Which LLM for real-time applications in June 2026?
Gemini 3.5 Flash leads at 216 tok/s for sub-second responses. GPT-5.4 and GLM 5.2 are alternatives when quality or cost matter more than peak speed.
For real-time applications, Gemini 3.5 Flash (Google) is the default choice. It generates 216 tokens per second at $3.38 per million input tokens with a quality index of 50.2, the fastest model in the field by a wide margin. Use GPT-5.4 (OpenAI) when response quality matters more than peak speed, or GLM 5.2 (Z AI) when you need an open-source deployment.
What speed numbers mean operationally
Latency in real-time apps comes from two places: time to first token, and sustained generation rate. At 200+ tok/s, a 300-token reply finishes in under 1.5 seconds, fast enough for voice agents, chat overlays, and live autocomplete. At 150 tok/s, you see a perceptible pause. Below 100 tok/s, the interaction starts to feel broken for users expecting instant feedback.
Speed also shapes iteration loops. A 216 tok/s model means a developer running a 200-token prompt waits about 0.9 seconds for the full response. At 61 tok/s, the same prompt takes 3.3 seconds. Over a debugging session of 50 prompts, that difference compounds to over two minutes of waiting.
The speed leaders
The top of the speed table is dominated by Google's Flash line:
| Model | Speed | Quality | Price/1M |
|---|---|---|---|
| Gemini 3.5 Flash (Google) | 216 tok/s | 50.2 | $3.38 |
| Gemini 3.5 Flash medium (Google) | 215 tok/s | 45.4 | $3.38 |
| GPT-5.4 (OpenAI) | 157 tok/s | 51.4 | $5.63 |
| Gemini 3.1 Pro Preview (Google) | 135 tok/s | 46.5 | $4.50 |
| GLM 5.2 (Z AI) | 98 tok/s | 51.1 | $1.92 |
Gemini 3.5 Flash is roughly 37% faster than GPT-5.4 and 60% faster than Gemini 3.1 Pro Preview. The medium variant of Flash trades 4.8 quality points for a 1 tok/s gain. Not worth it.
Quality versus speed
Real-time apps don't always need the highest quality. A chatbot confirming an order can run on a 45 quality model. A coding assistant explaining a bug cannot.
GPT-5.4 at 157 tok/s posts a quality of 51.4, the highest among sub-160 tok/s models. It costs 67% more than Gemini 3.5 Flash, but the quality delta of 1.2 points and the much stronger reasoning may justify it for customer-facing assistants where wrong answers create support tickets.

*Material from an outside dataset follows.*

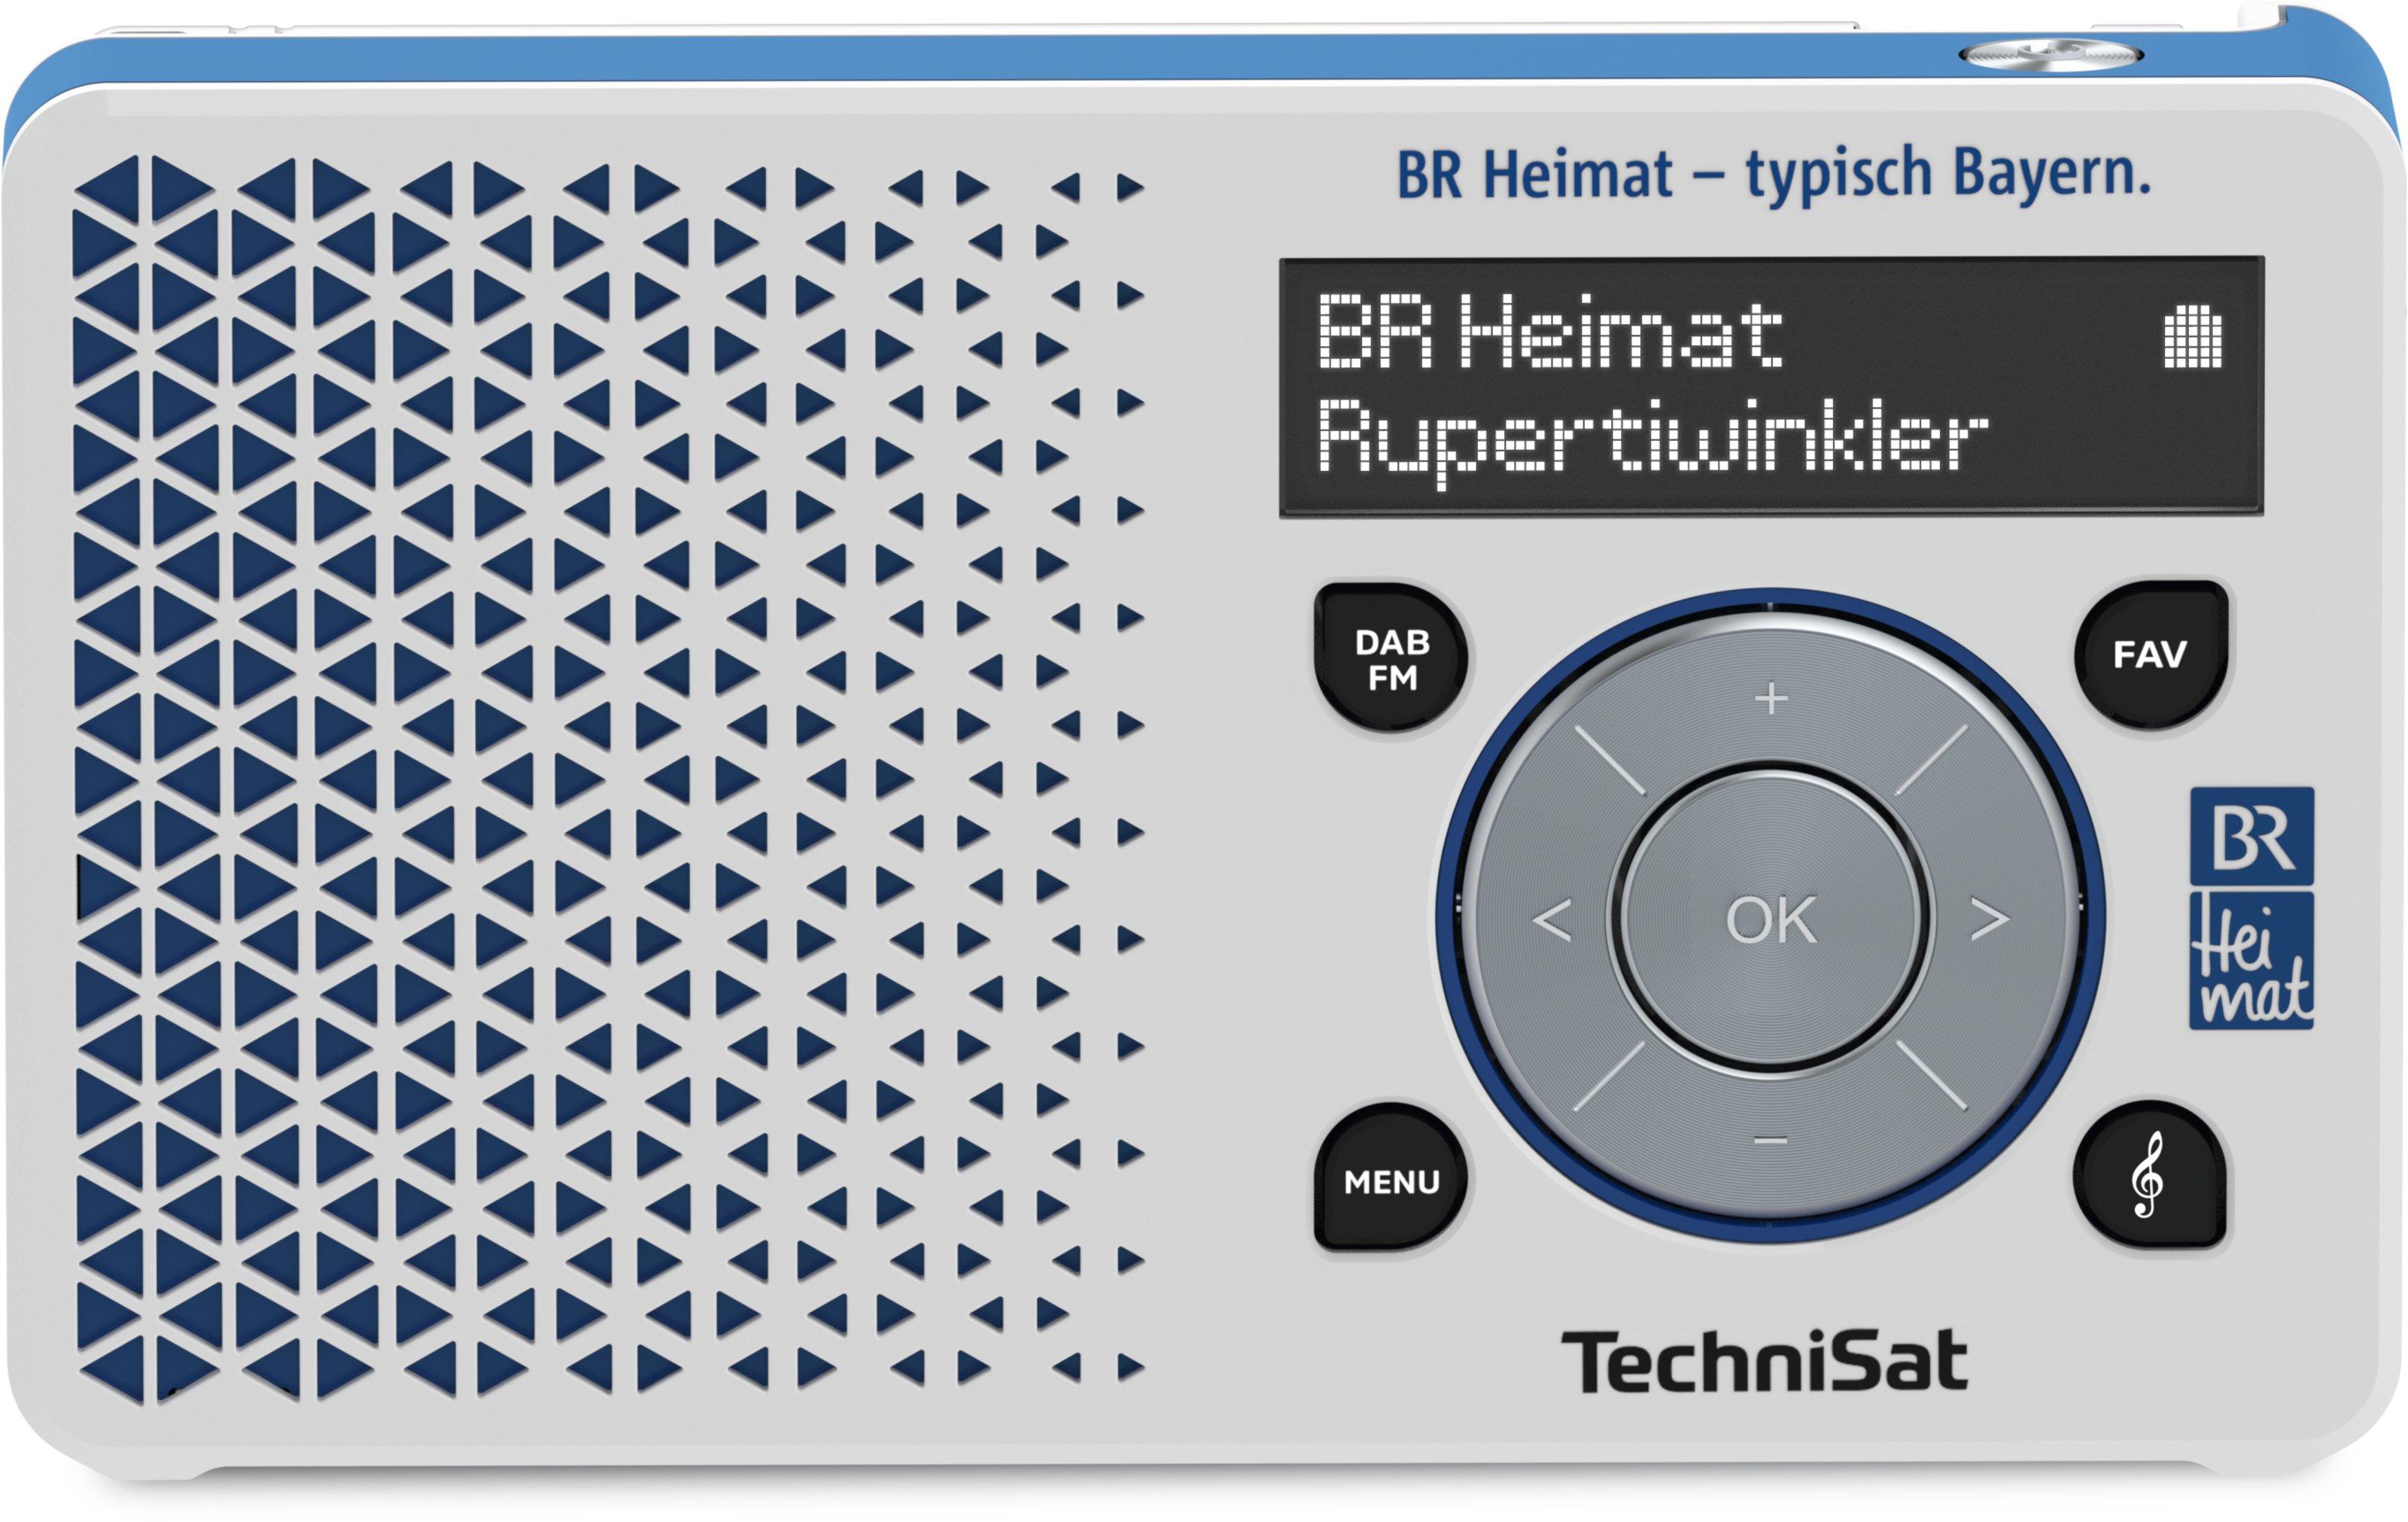 Digitradio 1 Br Heimat Edition Weiss Blau Br Shop

GLM 5.2 sits at 98 tok/s with quality 51.1, matching GPT-5.4 within noise. It is the only open-source model in the top tier by quality, and at $1.92/M it costs 43% less than Gemini 3.5 Flash. The trade-off is speed: GLM 5.2 is less than half as fast.
When Gemini 3.5 Flash breaks
The 50.2 quality index is solid for most real-time tasks, but it falls short on math, complex reasoning, and nuanced instruction following. For voice agents handling structured intake or chat systems doing entity extraction, it is enough. For agents that need to reason over multiple documents or solve multi-step problems, quality drops become user-visible errors.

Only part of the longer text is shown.